Thanks for the information. I will pass it on to friends in Nepal


----------



## reaganmarsh (Oct 18, 2016)

Now that's pretty cool! I really like that they're trying to serve the Church by giving men who are testing their call the opportunity to see if they are able to handle seminary training. That's Kingdom-mindedness. May their tribe increase.


----------



## timfost (Oct 19, 2016)

I audited a course from there a couple of years ago (HTS is a relatively new RCUS seminary). I would highly recommend. I've met Dr. Koerner on several occasions and have thoroughly benefited from his knowledge, instruction and preaching.


----------



## Polanus1561 (Oct 19, 2016)

timfost said:


> I audited a course from there a couple of years ago (HTS is a relatively new RCUS seminary). I would highly recommend. I've met Dr. Koerner on several occasions and have thoroughly benefited from his knowledge, instruction and preaching.
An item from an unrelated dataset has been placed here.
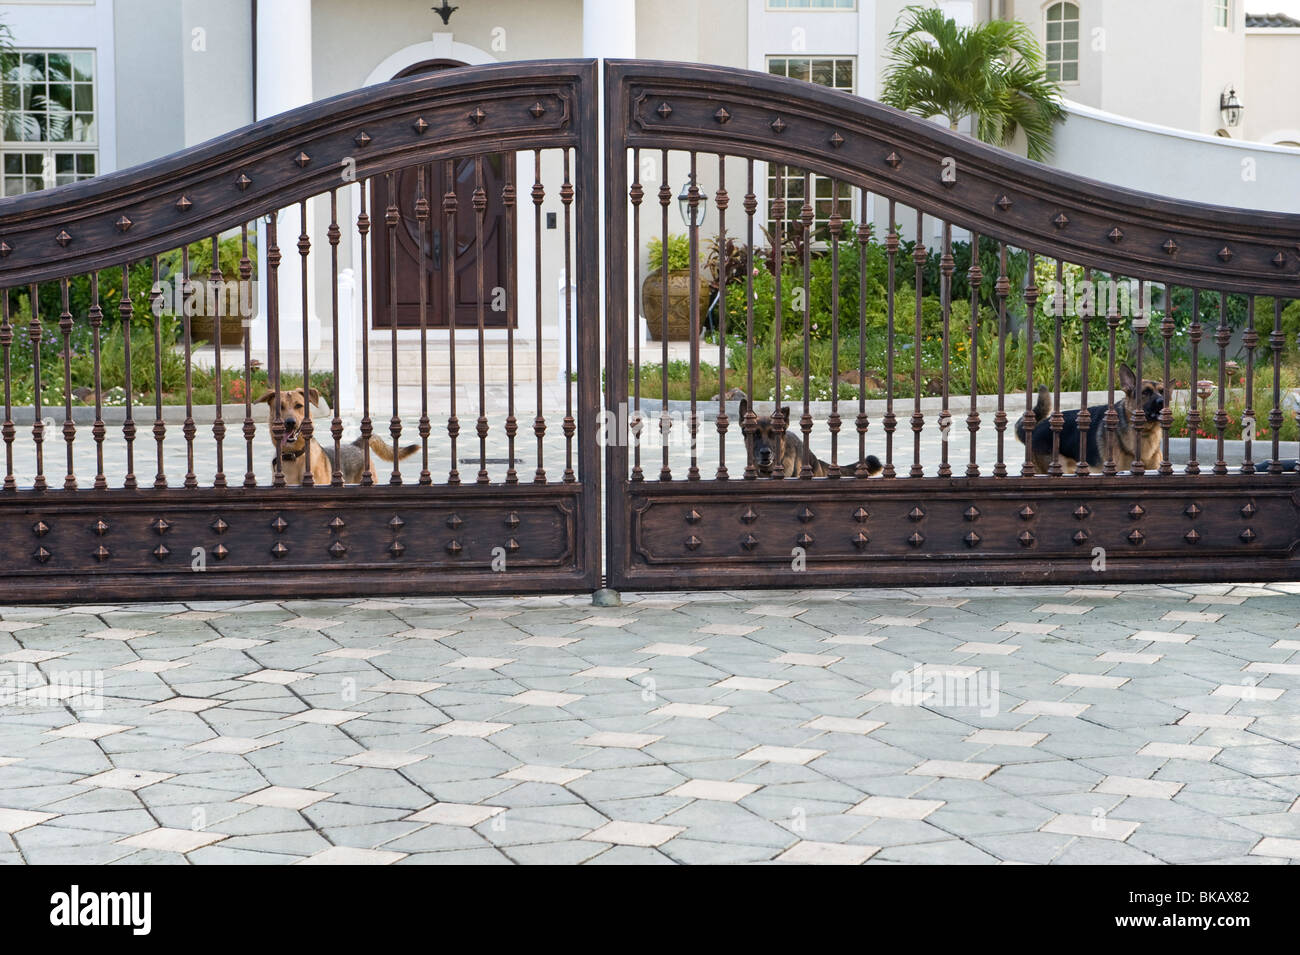 Tor mit Wächter Hunde Rodney Bay St. Lucia Windward-Inseln West Indies Karibik Stockfoto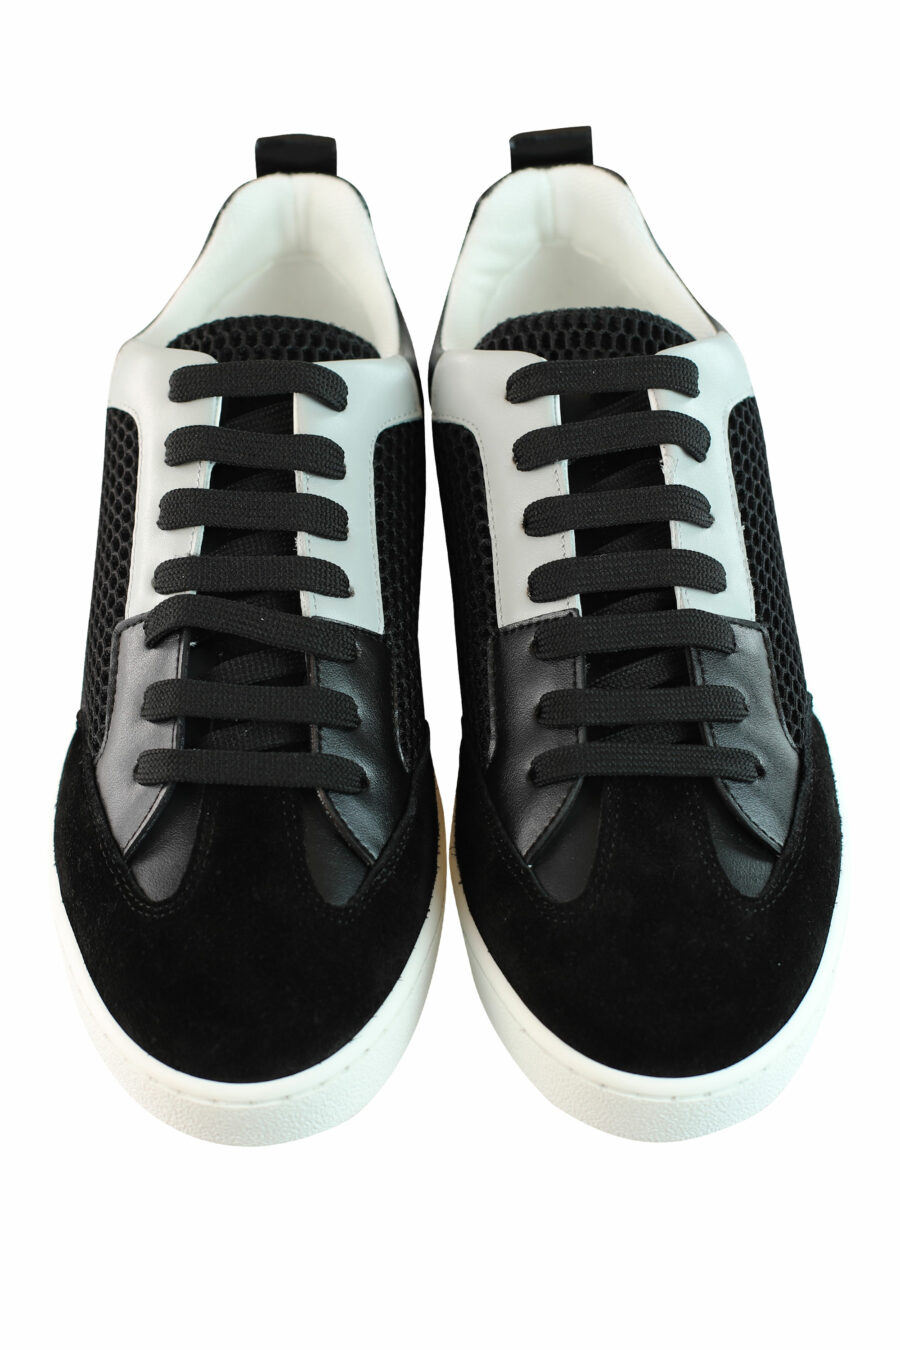 Zapatillas negras con logo en suela "logo25" - IMG 0861

is it offically attached to RCUS? I do like their clear course outline and their choice of books! Berkhof, Calvin, Bavinck with Turretin, Reymond to supplement their ST


----------



## timfost (Oct 20, 2016)

John Yap said:


> is it offically attached to RCUS?



Yes. From their mission statement:



> Heidelberg Theological Seminary shall have as its main mission the goal of training and preparing men who are committed to being faithful and devoted pastors in the Reformed Church in the United States (and sister denominations), all to the glory of the one head of the church, the Lord and Savior Jesus Christ.



http://heidelbergseminary.org/about-us/about-hts/


----------